In applications requiring a large voltage gain in a single stage, the relationship $A_v = -g_m.R_d$ suggests that we increase the load impedance of the CS stage. With a resistor or diode connected load, however increasing the load resistance limits the output voltage swing.

A more practical approach is to replace the load with a current source as shown in the figure.

Both transistors operate in saturation. Since the total impedance seen at the output node is equal to $r_{o1} || r_{o2}$, the gain is $A_v = g_m( r_{o1} || r_{o2} )$.

Let us consider $M_1$ and $M_2$ separately. If $L_1$ is scaled by a factor 'a' > 1, then $W_1$ may need to be scaled proportionally as well. This is because, for a given drain current, $V_{gs1} - V_{th1}\propto \frac {1}{\sqrt{(\frac{W}{L})_1}}$

i.e if $W_1$ is not scaled, the overdrive voltage increases, limiting the output voltage swing. Also, since $g_{m1}\propto\sqrt{(\frac{W}{L})_1}$ scaling up only $L_1$ lowers $g_{m1}$.

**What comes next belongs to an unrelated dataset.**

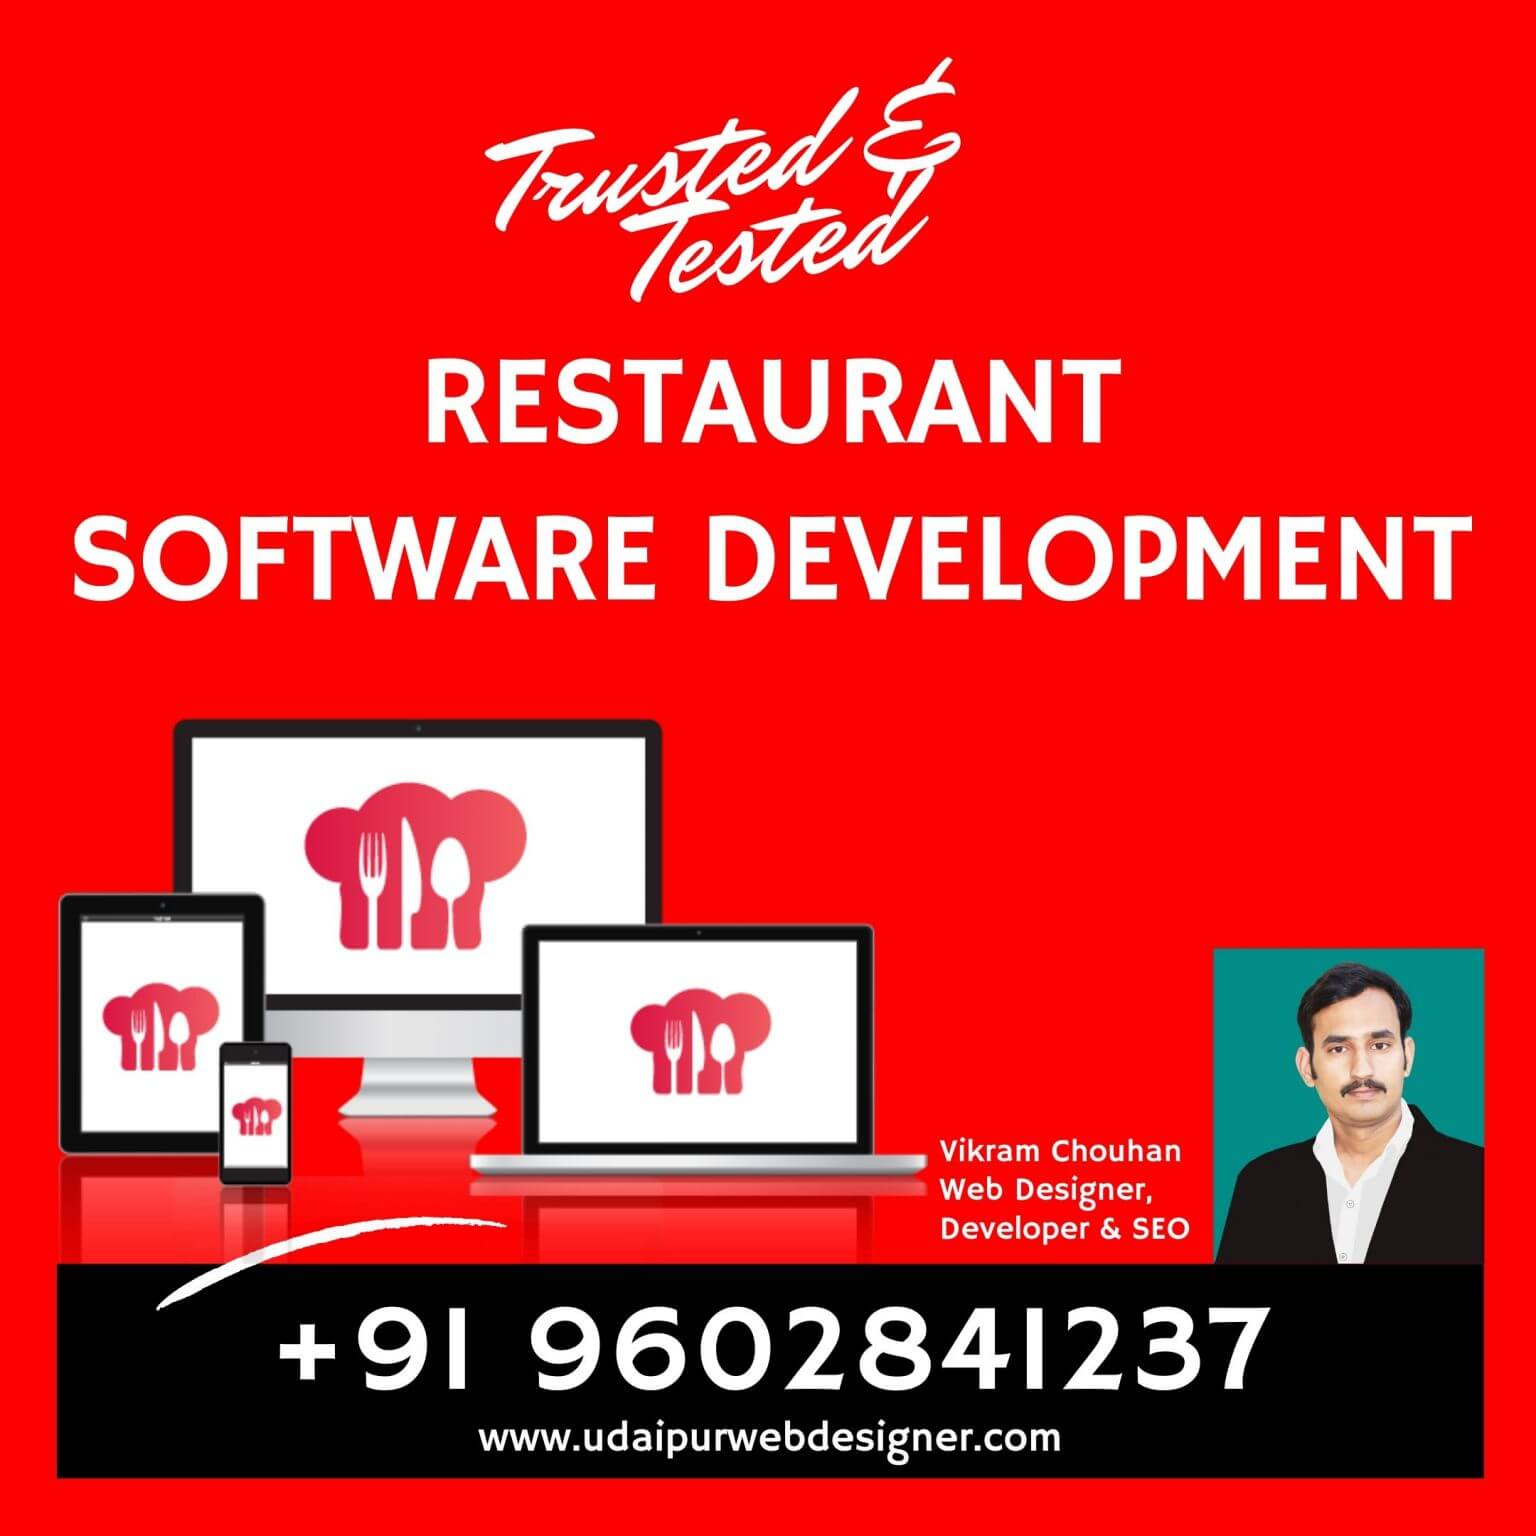 Restaurant-Software-Development-Udaipur-rajasthan-india-1536×1536

In applications where these issues are unimportant, $W_1$ can remain constant while $L_1$ increases. Thus, the intrinsic gain of the transistor can be written as

$g_{m1}r_{01} = \sqrt{2(\frac{W}{L})_1 \mu_nC_{ox}I_D \frac{1}{\lambda I_D}}$

indicating that the gain increases with L because $\lambda$ depends more strongly on $L$ than $g_m$ does. Also, note that $g_m.r_o$ decreases as Id increases. Increasing $L_2$ while keeping $W_2$ constant increases $r_{o2}$ and hence the voltage gain, but at the cost of higher $|V_{DS2}|$ required to maintain $M_2$ in saturation.